Thursday, August 25, 2016

The Fifth Season (The Broken Earth #1) by N.K. Jemisin Review

It has been a very long time since a book made me as thoroughly happy as The Fifth Season has. I have to admit that the prologue gave me a "say what?" moment and I was a little concerned that this wouldn't be a good read, but man I am so glad that I was wrong. This book is absolutely everything that I could have asked for in a fantasy book. It has a unique concept, diverse characters that are so well developed that I became quickly and avidly invested in their stories. The world building is complicated and so detailed that I was able to vividly imagine what things looked like. The powers imagined by Jemisin are ones that I have not come across in fantasy writing yet, and I absolutely loved the idea of them. 

Jemisin doesn't just give her readers a good fantasy world, she fills it with political and social perils and injustices, unfairness, discrimination, bigotry, fears, deceptions, and the yearning for a sense of belonging that everyone strives for but is systematically denied to a small yet feared group of people. Jemisin wonderfully parallels much of the hatred, racism, and bigotry we see in the real world with people who are able to use orogeny in her world. They are feared, shunned, and even segregated in what are called Fulcrums that house, teach, and basically contain orogenes. The fulcrums, in my mind were like a more genteel version of a detention camp where the veneer is a 'safe' place for orogenes to learn to control their powers and contain their 'baser and evil' natures. Orogenes are sometimes derisively referred to as 'roggas' which has the exact same connotation as using the 'n' word when referring to an African American. The interpersonal relationships in The Fifth Season are complicated and intriguing. Everyone has a history that is opaque and will have you wanting to squint in the hopes of seeing that little bit more that is being hidden. Everyone from the adults to the children have hidden secrets and/or desires.

I can't even go into all of the awesomeness that is The Fifth Season without giving away too many plot developments. I will say that I saw one twist of the story coming, but the last one? No, this reader was shocked that the story came to the conclusion that it did! Jemisin manipulates events, personalities, and the story arc in amazing and sometimes devastating ways; and I loved every fracking moment of it. The world created by Jemisin is dark and fractured both figuratively and literally. An ongoing theme in this book is that valuable things sometimes have to be physically broken in order to save it's value as well as saving it from itself. (How about that for a tease?) This story is full of lessons hard learned and consequences that damage both the body and soul.  
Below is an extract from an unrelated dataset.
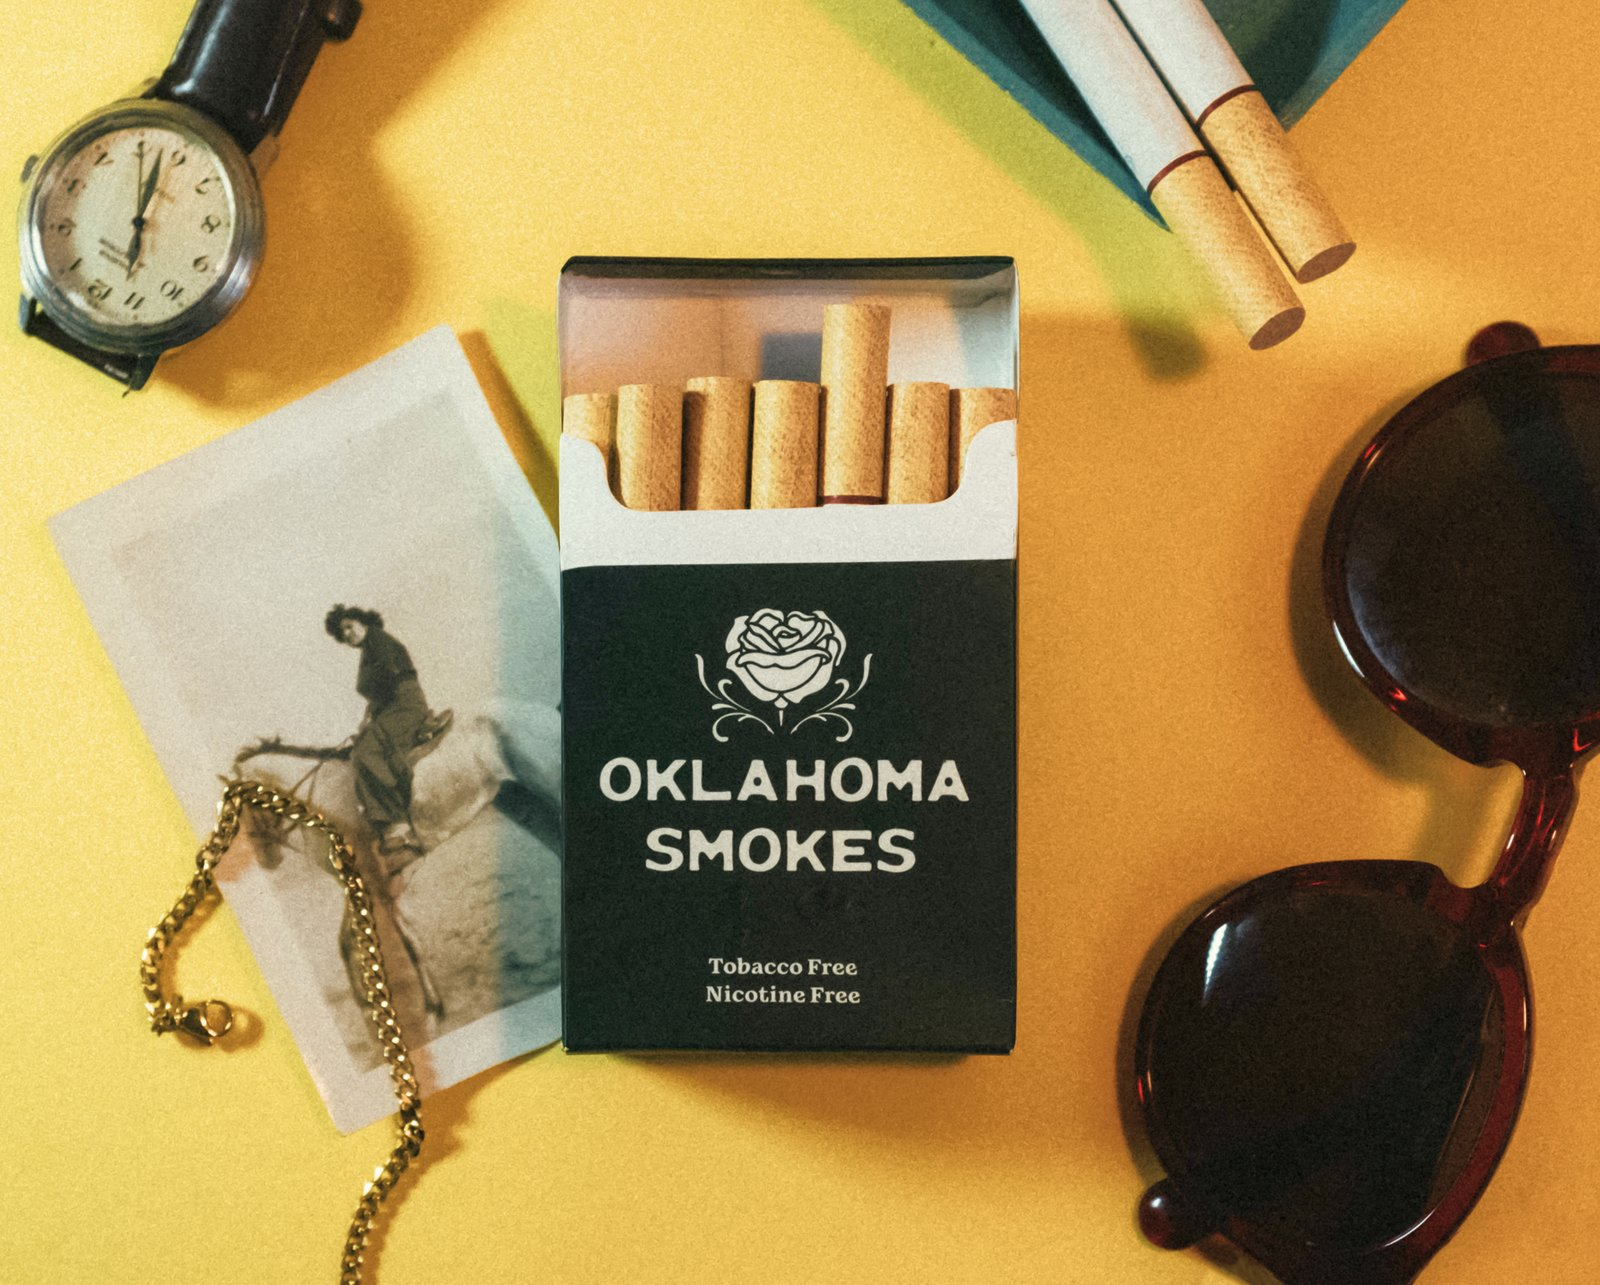 Oklahoma Smokes

My only complaint, which is more of a whiny moment than a complaint, is that this amazing book isn't available in hardback. It would be great to have a lovely hardback edition of this beautiful book sitting in pride of place on my bookshelf! The Fifth Season is obviously going on my favorites list. I will undoubtedly be reading this one again and again in the years to come. 


A season of endings has begun. 

It starts with the great red rift across the heart of the world's sole continent, spewing ash that blots out the sun. 

It starts with death, with a murdered son and a missing daughter. 

It starts with betrayal, and long dormant wounds rising up to fester. 

This is the Stillness, a land long familiar with catastrophe, where the power of the earth is wielded as a weapon. And where there is no mercy.